The Locus of a Vertex


Ralph Hickman


Problem: Given two vertices X and Y of triangle XYZ and the angle at the third vertex Z (i.e., the angle opposite side XY), find the locus of the point Z.


1. Construct the circumcircle of XYZ. Construct radii OX, OY, and OZ.

2. d(OX) = d(OY) = d(OZ).

3. d(OY) = d(YO) [Distance is symmetric.] By the Isosceles Triangle Theorem, since d(OX) = d(YO), then m(OXY) = m(XYO). Now, m(OXY) + m(XYO) + m(YOX) = 180. [Triangle Angle Sum Theorem] So, 2m(OXY) + m(YOX) = 180. In the same manner, it can be shown that 2m(OYZ) + m(ZOY) = 180 and 2m(OZX) + m(XOZ) = 180.

4. By the Triangle Angle Sum Theorem, m(ZXY) + m(XYZ) + m(YZX) = 180. Since angle measure is additive, m(ZXY) = m(ZXO) + m(OXY), m(XYZ) = m(XYO) + m(OYZ), and m(YZX) = m(YZO) + m(OZX). Thus, we can say that 2m(OXY) + 2m(OYZ) + 2m(OZX) = 180.

5. We know that m(YOX) + m(ZOY) + m(XOZ) = 360. Therefore,

m(YOX) = 360 - m(ZOY) - m(XOZ)

m(YOX) = 360 - (180 - 2m(OYZ)) - (180 - 2m(OZX))

m(YOX) = 2(m(OYZ) + m(OZX))

6. From (2.), m(YZX) = m(YZO) + m(OZX). But, m(YZO) = m(OYZ); so, m(YZX) = m(OYZ) + m(OZX).

7. Therefore, m(YOX) = 2m(YZX).
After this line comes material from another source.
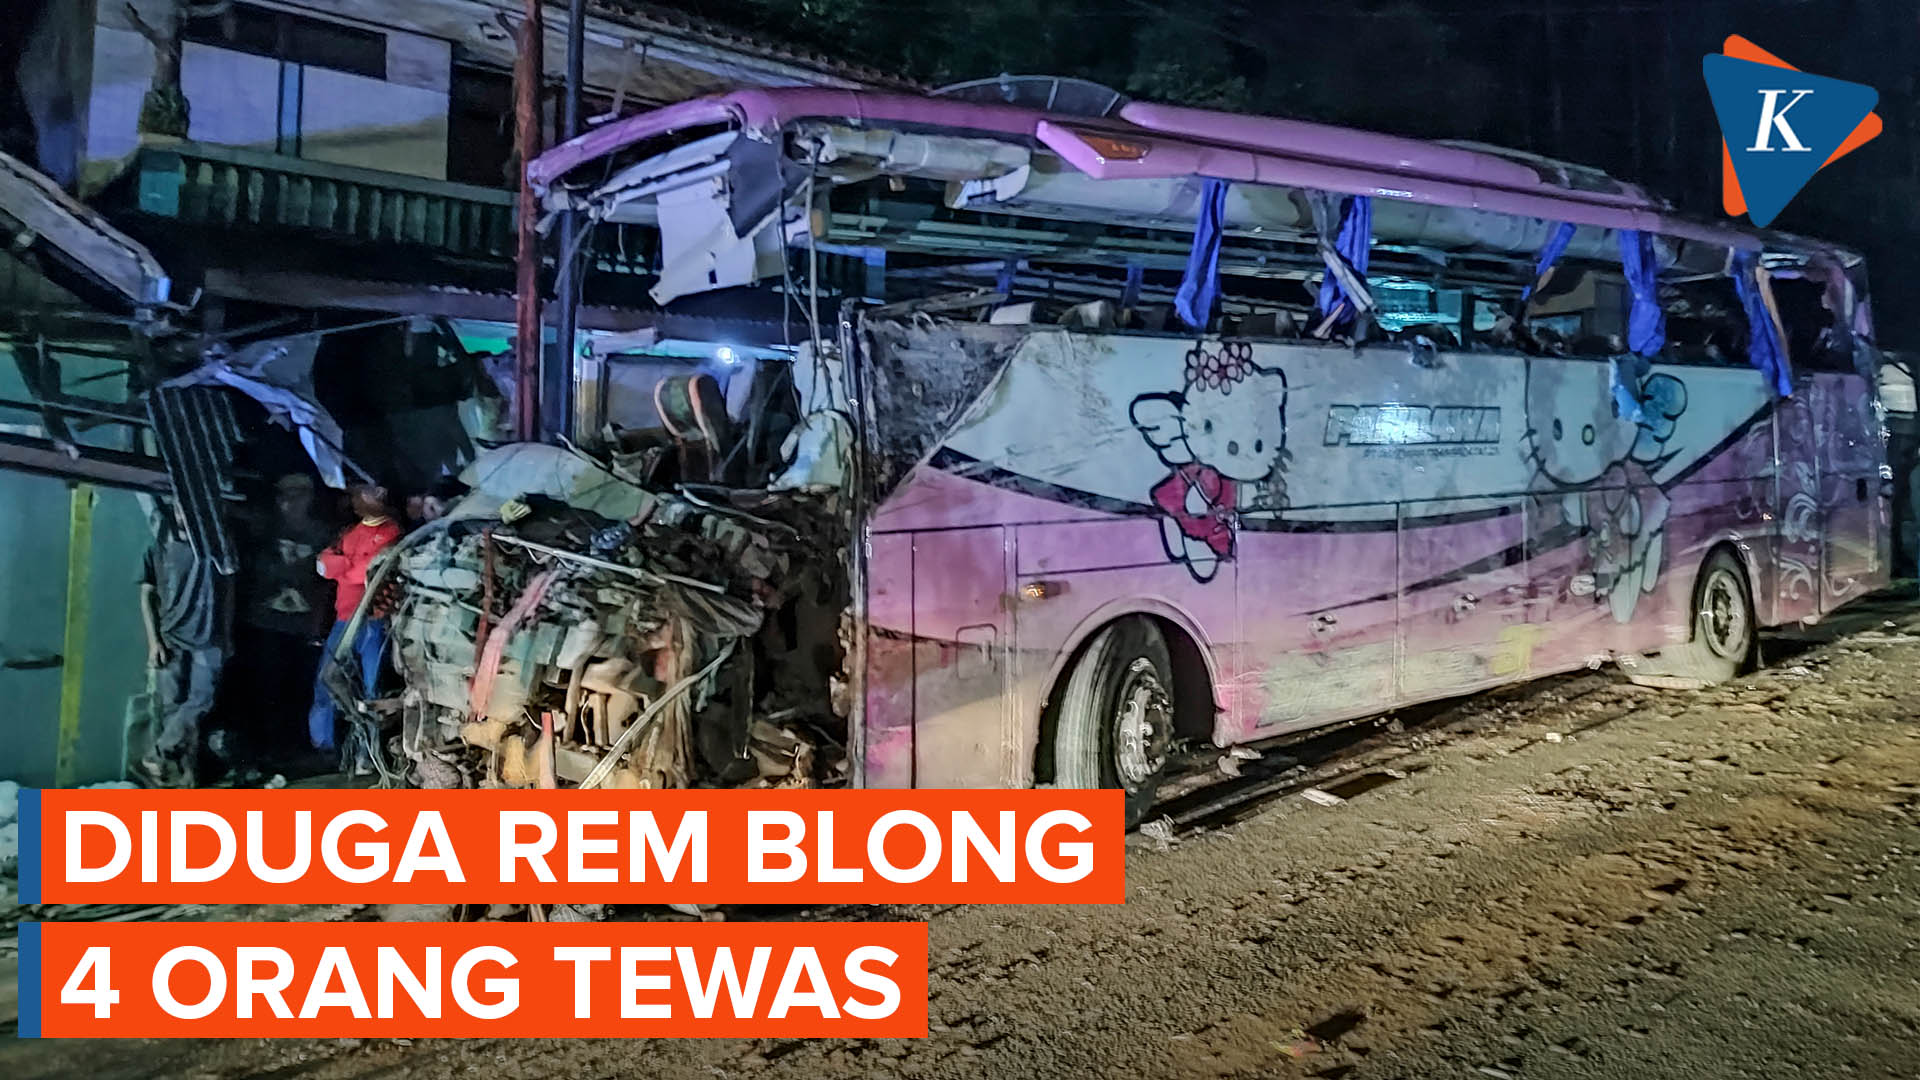 5 Fakta Kecelakaan Maut Bus Peziarah di Ciamis, Diduga Rem Blong

In fact, for any point H on circle C on the same side of chord(XY) as Z, with H not Z, m(YOX) = 2m(YHX). [Z and H are on the same side of chord(XY) if and only if the proper angle measure of XYZ and the proper angle measure of XYH have the same sign.]

8. The length of segment(XY) is constant; so, m(YOX) is constant. Thus, we conclude that the locus of point Z is the major arc of angle(YOX).

Click here to view an animation of point H.

Question: What happens to the measure of angle YHX when H and Z are on opposite sides of chord(XY).